Free online porn, which is easily accessible and viewed by most Australian men, sometimes depicts violent and degrading acts against women. Pornography, however, is not one monolithic thing. Some porn shows consensual, even loving activity. Evidence on the effect of watching porn is as mixed as the content in porn, but most reliable research suggests that adult men who have hostile attitudes to women and sex will reinforce those attitudes when they watch violent and aggressive porn. Adult men who don’t have such attitudes don’t routinely watch that kind of porn for sexual gratification and it doesn’t seem to affect their belief in rape myths if they do see it. The proliferation of free online porn is relatively recent, so research on the effect of porn on children and young people is still emerging. Some research indicates porn is ‘normalizing sex acts that most women do not enjoy and may experience as degrading, painful, or violating’ but sex, sexuality and beliefs are so complex it’s difficult to pin them all on one activity.

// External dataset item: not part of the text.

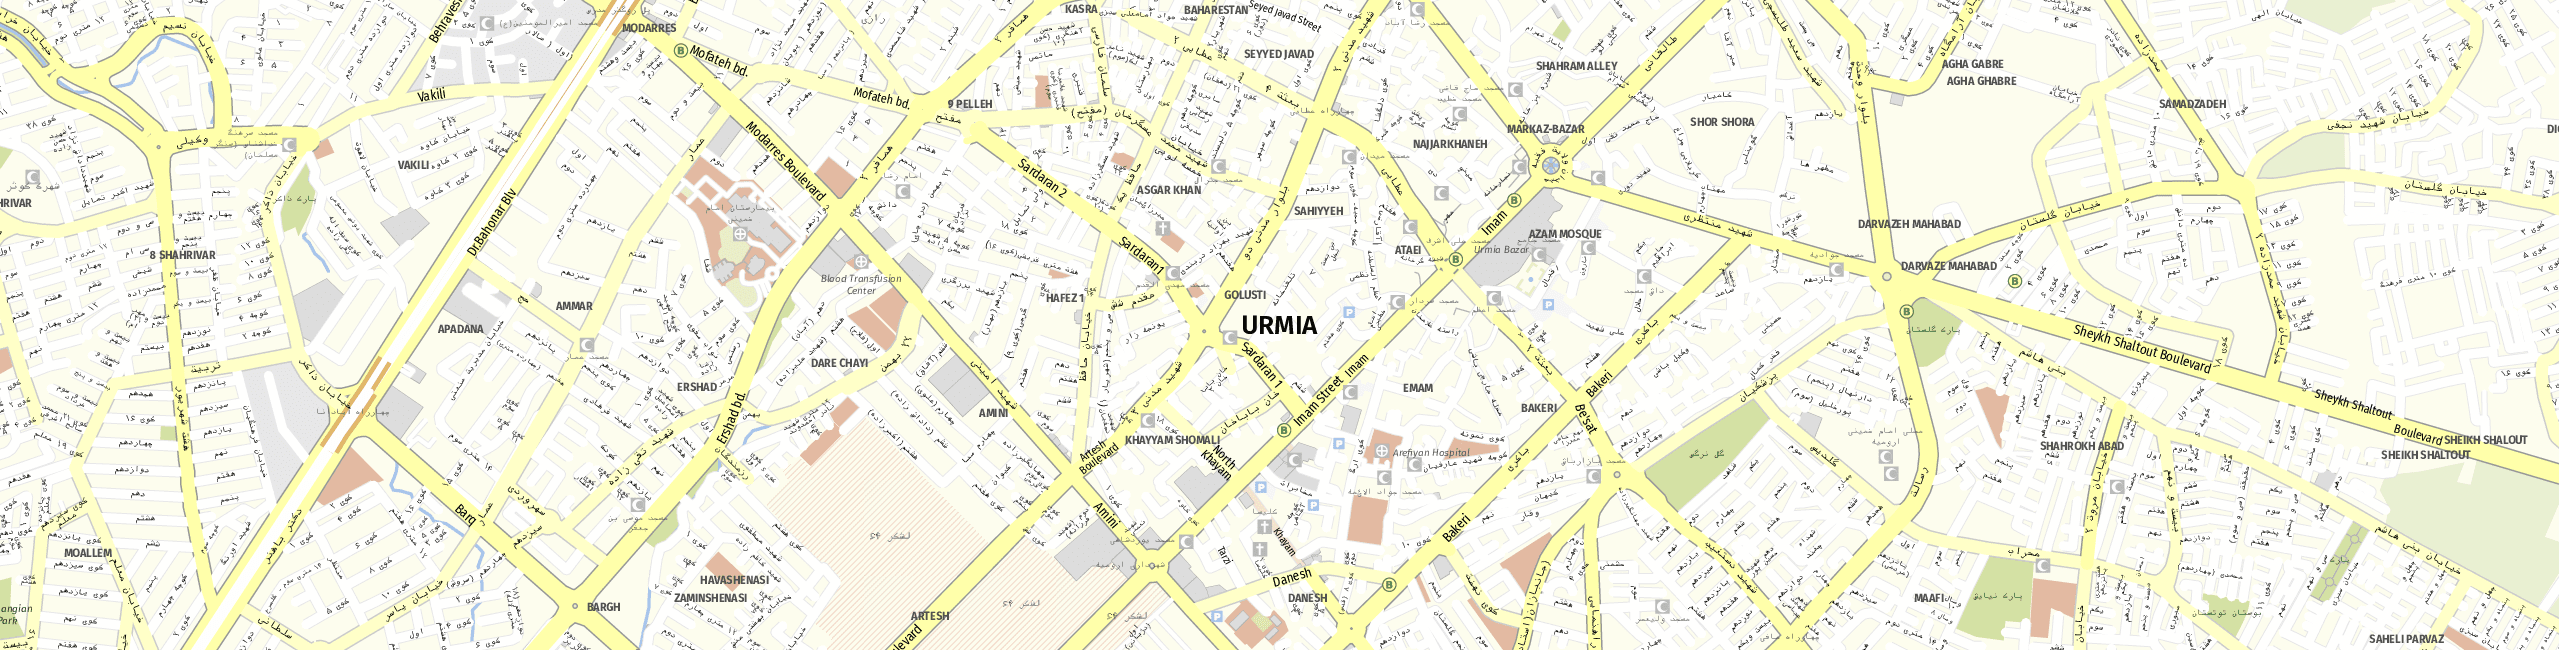 Stadtplan Urmia zum Downloaden.

All these occurrences don’t operate independently. The myths that start in childhood are confirmed by widespread and consistent repetition over a lifetime of consuming stories and ideas. Even when they just flicker across our screen, each tiny instance reinforces the thousands that came before, until they harden into unexamined belief that they must be true, if only because they’ve always been true.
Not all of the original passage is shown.